Aggregate news by topics using OpenAI API, Hacker News API and FastAPI

How to create a useful website in four steps

Oleg Khomenko
5 min readJun 28, 2023
We will use Hacker News API, ChatGPT API, and FastAPI to create a better version of Hacker News

Description

In this article, we will create a website that aggregates the latest top stories from Hacker News. To accomplish this, we will utilize the HackerNews API to fetch today’s top stories. Additionally, we will make an OpenAI API request to group the news articles by topics, storing the results in JSON format. The website will be served using FastAPI and the Jinja Template Engine

Step 1. Get top stories from Hacker News

To see the full code listing please check worker.py file in the GitHub repo

First, let’s fetch stories ids in the form of a list of integers

def get_topstories(max_stories=30):
# Get top stories
topstories = requests.get("https://hacker-news.firebaseio.com/v0/topstories.json")
if (code := topstories.status_code) != 200:
raise ValueError(f"topstories status code: {code}")

topstories_ids = topstories.json()

# Filter stores
return topstories_ids[:max_stories] # i.e. [3000, 3004, 3051]

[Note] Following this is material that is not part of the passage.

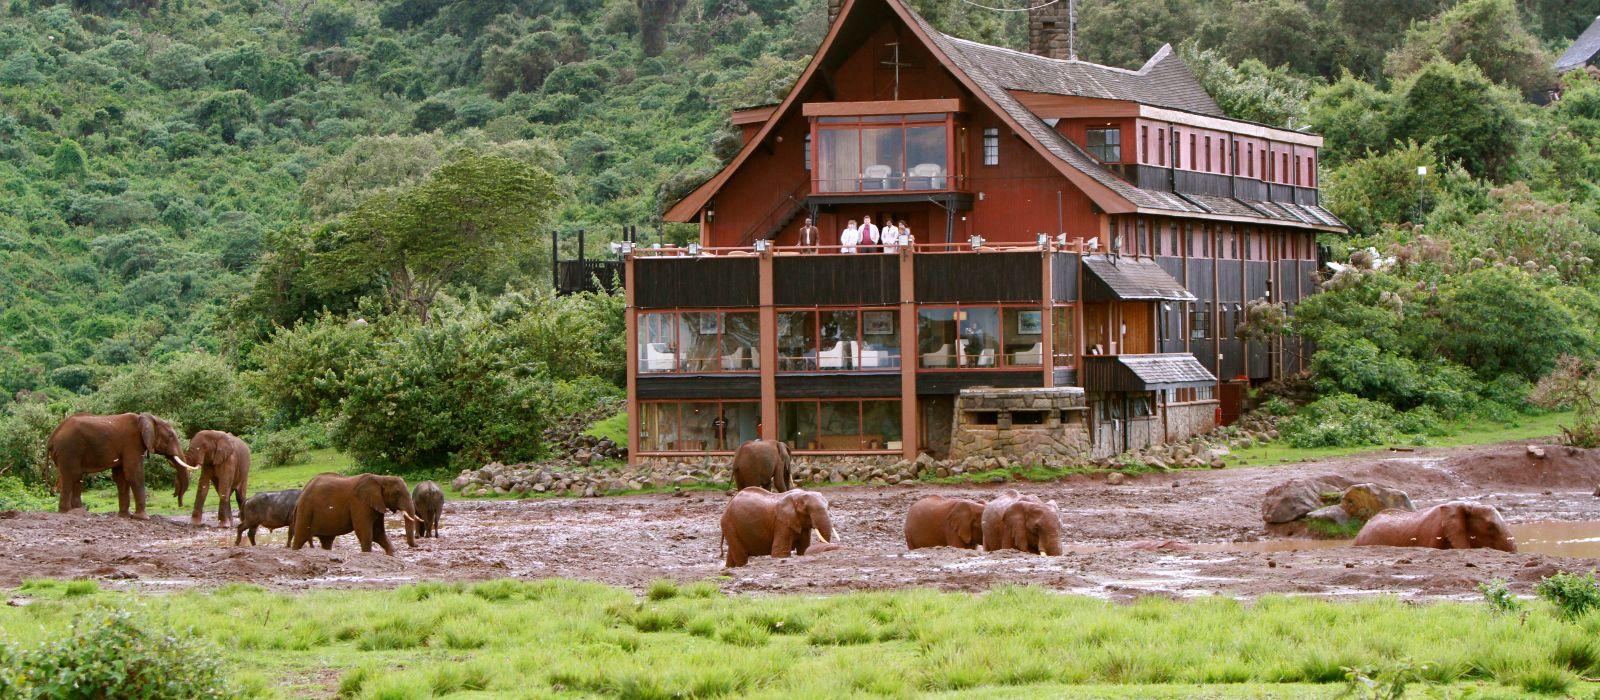 Hotel The Ark Kenia

As one may note, we will limit the number of stories to be analyzed by max_stories=30 parameter

The tricky part is how to perform all 30 requests async. We will use aiohttp and create helpers.py file to add functions below:

import aiohttp
import asyncio

BATCH_SIZE = 15


async def fetch_url(session, url):
async with session.get(url) as response:
return await response.json()


async def process_batch(session, urls):
tasks = []
for url in urls:
task = asyncio.ensure_future(fetch_url(session, url))
tasks.append(task)
return await asyncio.gather(*tasks)


async def process_urls(urls, batch_size=BATCH_SIZE):
async with aiohttp.ClientSession() as session:
batches = [urls[i : i + batch_size] for i in range(0, len(urls), batch_size)]
results = []
for batch in batches:
batch_results = await process_batch(session, batch)
results.extend(batch_results)
return results

Now we can pass a list of URLs into process_urls to process all requests using an asynchronous approach.

Let’s prepare URLs using list_of_items:

def get_items(list_of_items: List[int], batch_size=12):
# Prepare API requests to get all items
URL_ITEM = "https://hacker-news.firebaseio.com/v0/item/{}.json"
urls = [URL_ITEM.format(t_s) for t_s in list_of_items]
loop = asyncio.get_event_loop()
results = loop.run_until_complete(process_urls(urls, batch_size))
return results


list_of_items = get_topstories()
results = get_items(list_of_items)

# Now we have a list of urls:
# ["https://hacker-news.firebaseio.com/v0/item/3001.json",
# "https://hacker-news.firebaseio.com/v0/item/4001.json",
# ...]

Next, we will transform the retrieved results into a format that is easy to parse for ChatGPT requests. We will retain both the “title” and “URL” fields since the URL can provide valuable insights for classifying elements.

results_parsed = [
f"{el['title']} URL: {el['url']}"
for el in results if el.get("url", None) is not None
]

# The result will be:
# ["The Password Game URL: https://neal.fun/password-game/",
# "FreeBSD Jails Containers URL: https://vermaden.wordpress.com/2023/06/28/freebsd-jails-containers/"
# ...]

Step 2. Make OpenAI API requests and process results

First, let’s create a function named get_openai_promt. It takes List[strings] as input and returns system_message and user_message (we will use chat-optimized models)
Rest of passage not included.